In FIG. 2 shows the qualitative characteristics of the mixture of recombinant triticaine-α protein, obtained by stirring the mixture at a temperature of individual ingredients -20°±2°C.

Implementation of the invention

The problem is solved in two stages.

the stage is obtaining a mixture of freeze-dried triticaine-α with excipients, which has satisfactory technological characteristics: grindability, flowability, dosability.

stage - obtaining a dosage form of triticaine-α in the form of solid hypromellose capsules.

At the first stage, the ability to form freeze-dried mixtures of triticaine-α in combination with mannitol, polyvinylpyrrolidone M.m. 12600 (PVP), polyvinyl alcohol (PVA), introduced both alone and in a mixture (Table 1), suitable for subsequent mixing with excipients.

Samples were prepared as follows. Excipients were added to the samples concentrated on an Amicon cell with a PM-10 membrane (Millipore) followed by dialysis against phosphate-buffered saline (PBS, pH 7.4, 4°C, 18 h) in the ratios shown in Table 1. 1, thoroughly mixed until the latter were dissolved and poured into receivers for the purpose of subsequent lyophilization. The vessel was sealed with an adapter cap for fastening to a freeze dryer. Next, the mixture was frozen at -70°C (at least 2 h) in a Sanyo Ultra Low MDF-U3086S freezer (-70°C) and placed in a lyophilization unit (Jouan LP-3, France). The lyophilization process was carried out for 24 hours at an evaporator temperature of -50°C and a vacuum of 0.03-0.04 millibars.

At the end of the freeze-drying process, the vials were opened, the resulting lyophilisate was removed from the vial, crushed by impact (using a pestle, dispersant) avoiding rubbing, and a powder mixture was obtained. It was found that the use of only mannitol as an auxiliary substance led to the formation of brittle, dusty, easily electrified

- 2 039097 wet mixtures; the introduction of only polyvinylpyrrolidone (PVP) or polyvinyl alcohol (PVA) into the composition of the mixture did not ensure the fragility of the resulting lyophilisate.
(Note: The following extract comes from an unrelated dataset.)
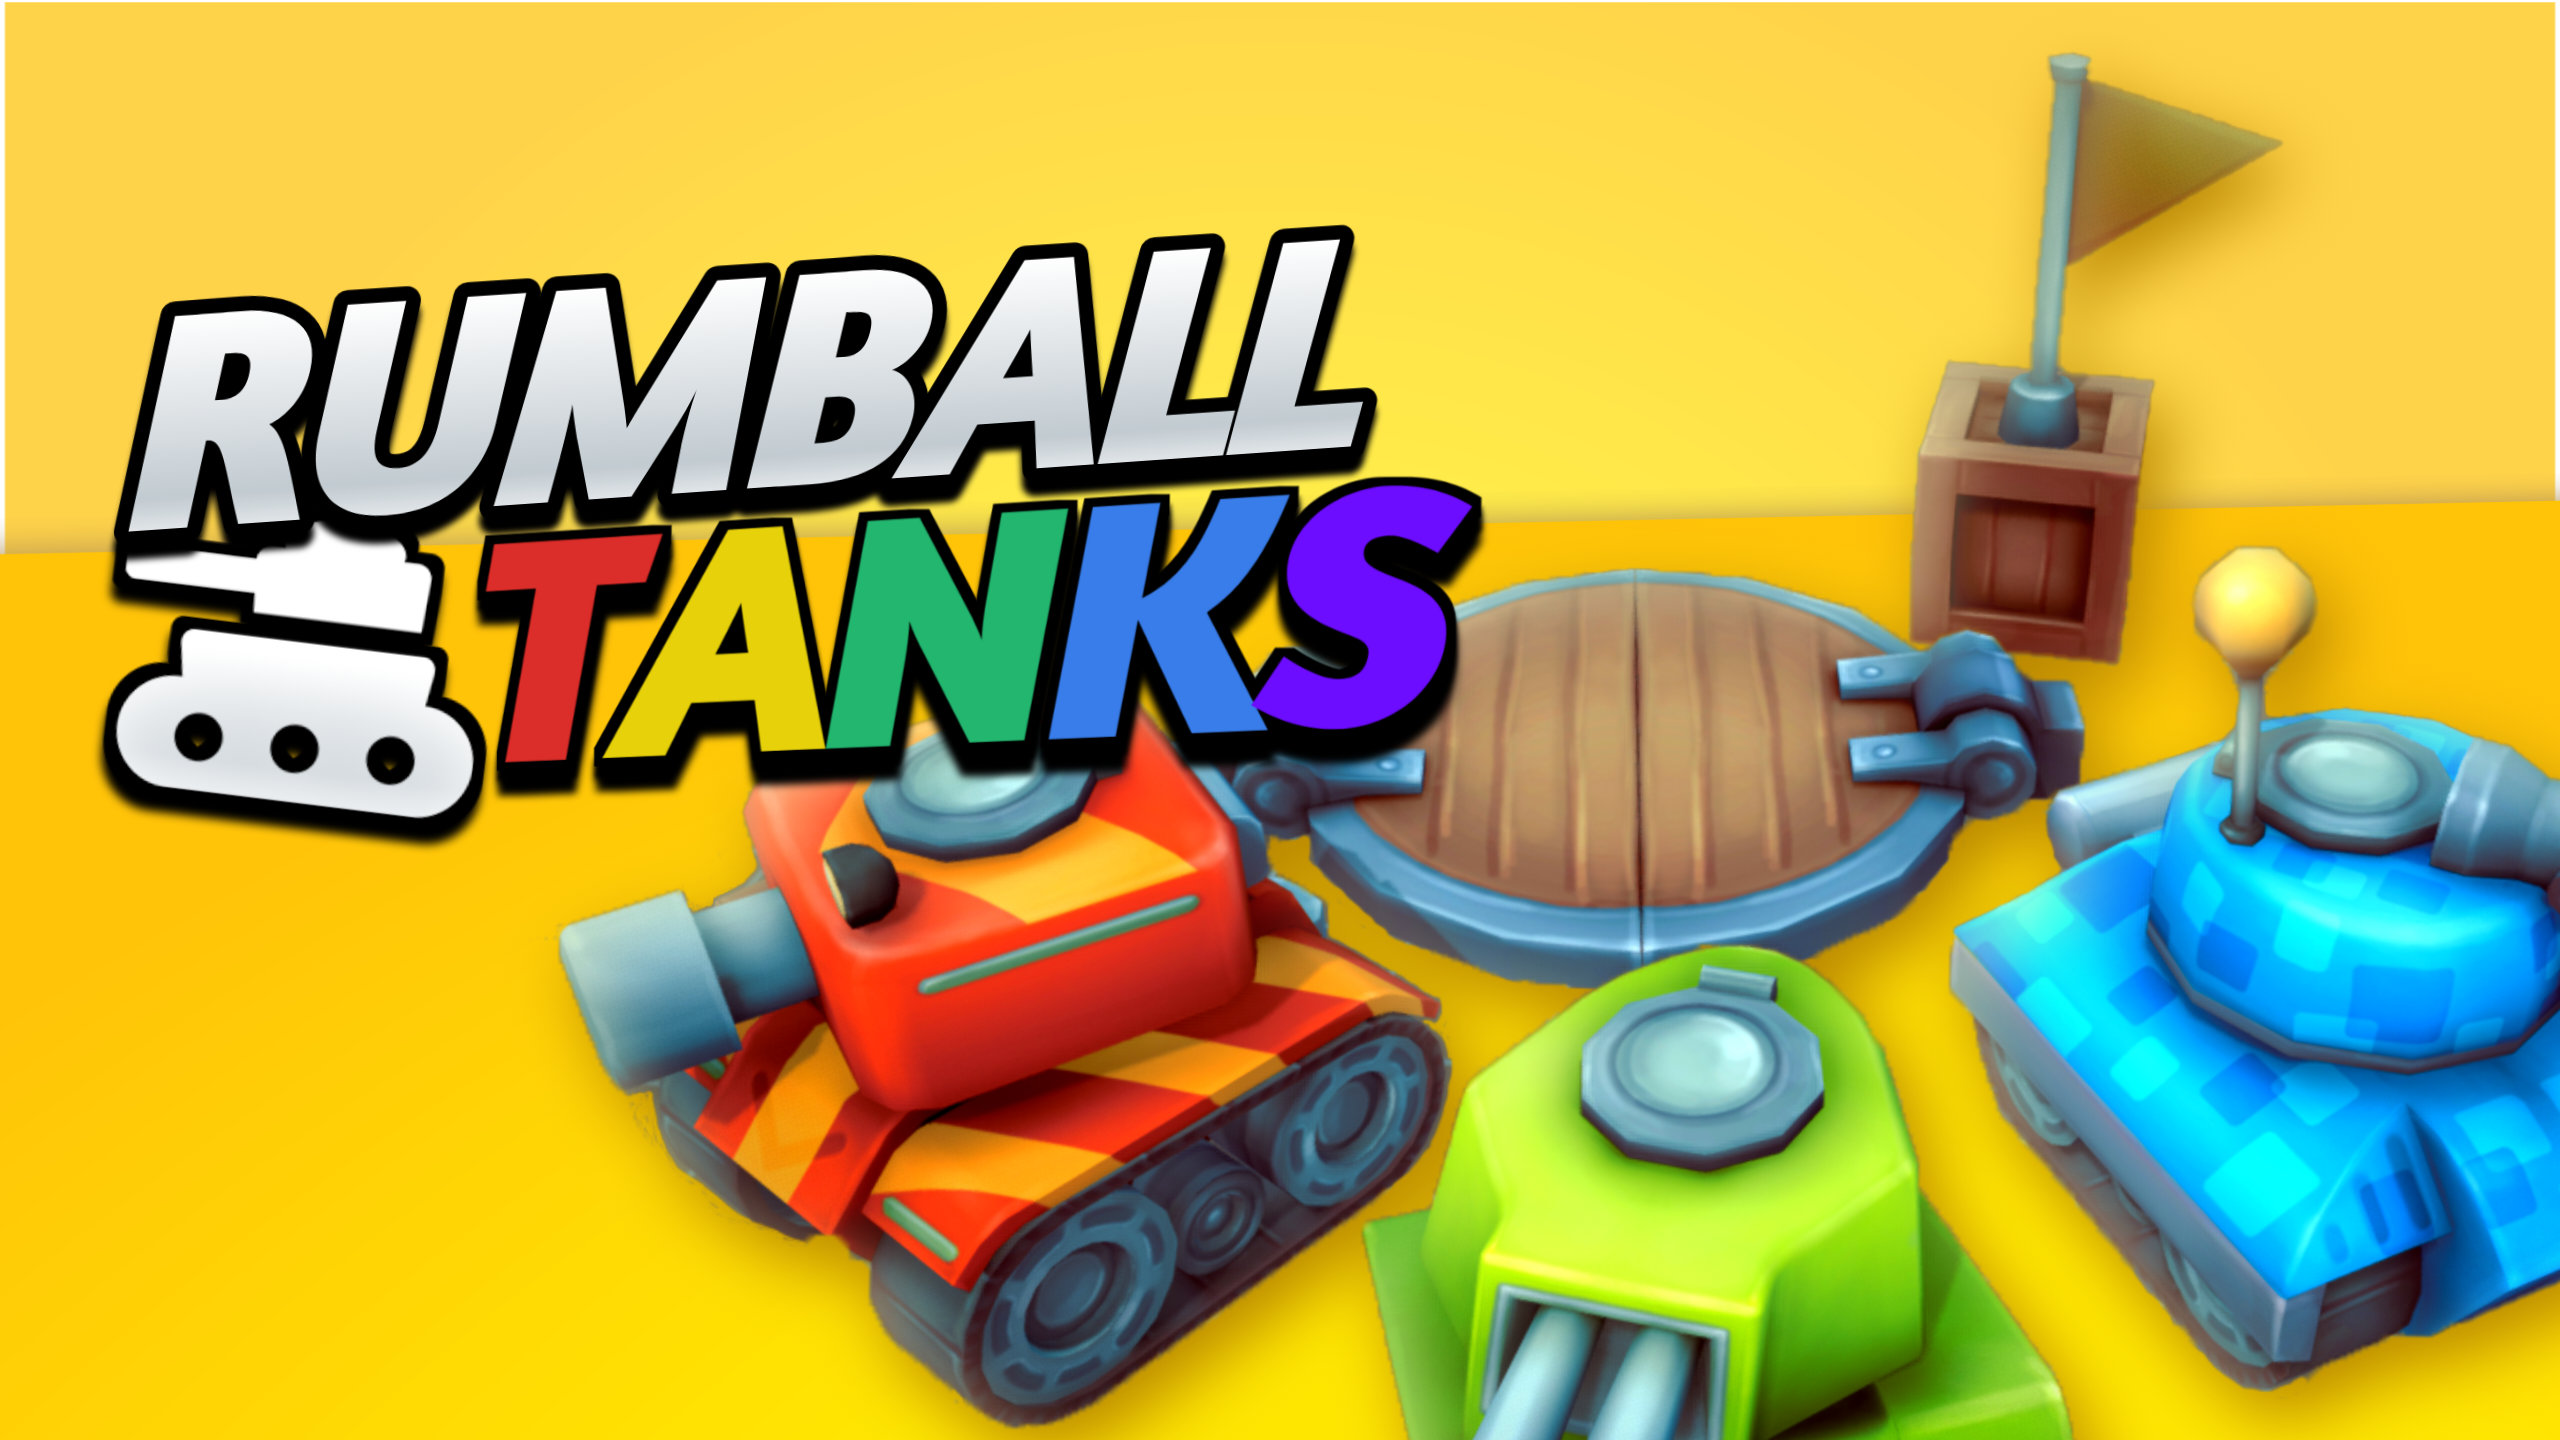 RumBall Tanks

Mixtures consisting of triticaine-α with polyvinylpyrrolidone or triticaine-α with polyvinyl alcohol in the ratios indicated in table. 1, after lyophilization, they were not crushed, separate elastic fibers remained, therefore, in further studies, mixtures of triticaine-α with these excipients (triticain-a: (PVP) triticaine-a: PVA) were not used.

Table 1

No. The composition of the freeze-dried mixture Component ratio (weight parts) Appearance one 2 3 four one Triticaine-a 100 Lyophilized substance in the form of a tablet, fibrous 2 Triticaine-a, 90 Freeze Dried Blend mannitol ten ingredients in the form of a tablet, fibrous 3 Triticaine-a, 75 Freeze Dried Blend mannitol 25 ingredients in the form of a tablet, crystalline, with individual fiber inclusions four Triticaine-a, fifty Freeze Dried Blend mannitol fifty ingredients in tablet form, crystalline 5 Triticaine-a, 25 Freeze Dried Blend mannitol 75 ingredients in tablet form, crystalline 6 Triticaine-a, fifty Freeze Dried Blend Mannitol 25 tablet ingredients, PVP 25 crystalline 7 Triticaine-a, fifty Lyophilized substance in the form Mannitol PVP thirty twenty tablets, crystalline eight Triticaine-a, fifty Freeze Dried Blend Mannitol 40 tablet ingredients, PVP ten crystalline 9 Triticaine-a, fifty Freeze Dried Blend Mannitol 25 tablet ingredients, PVA 25 crystalline ten Triticaine-a, fifty Freeze Dried Blend Mannitol thirty tablet ingredients, PVA twenty crystalline eleven Triticaine-a, fifty Lyophilized substance in the form Mannitol, PVA 40 ten tablets, crystalline 12 Triticaine-a 10-90 Freeze Dried Blend PVP 90-10 ingredients in the form of a tablet, fibrous 13 Triticaine-a 10-90 Freeze Dried Blend PVA 90-10 ingredients in the form of a tablet, fibrous

The mixtures with the introduction of PVP into the composition of the lyophilizate had the most optimal characteristics. However, it should be noted that the acceptable range of PVP content in the mixture is narrow. So, with a PVP content of 75 w.h. in mixtures during grinding, a significant electrification of the product was noted, and when the content of PVP in mixtures was 25 w.h. and below - an increase in the fibrous content of the sublimated product, it did not collapse under pressure. Since in the future a brittle product was needed, capable of uniform destruction under minor impacts, the content of PVP in the selected mixture

- 3 039097 si was in the range of 30-70 v.h., the optimal ratio was the introduction of PVP 25 v.h.

Mixtures of triticaine-α : mannitol : PVA at the tested ratios of components did not provide the necessary qualities of the product (brittleness, ability to destroy), and therefore were not used further.

The selection of excipients for subsequent encapsulation was carried out on the basis of the technological parameters of both a freeze-dried mixture of triticaine with mannitol and PVP, and excipients used in pharmaceutical production to create oral forms.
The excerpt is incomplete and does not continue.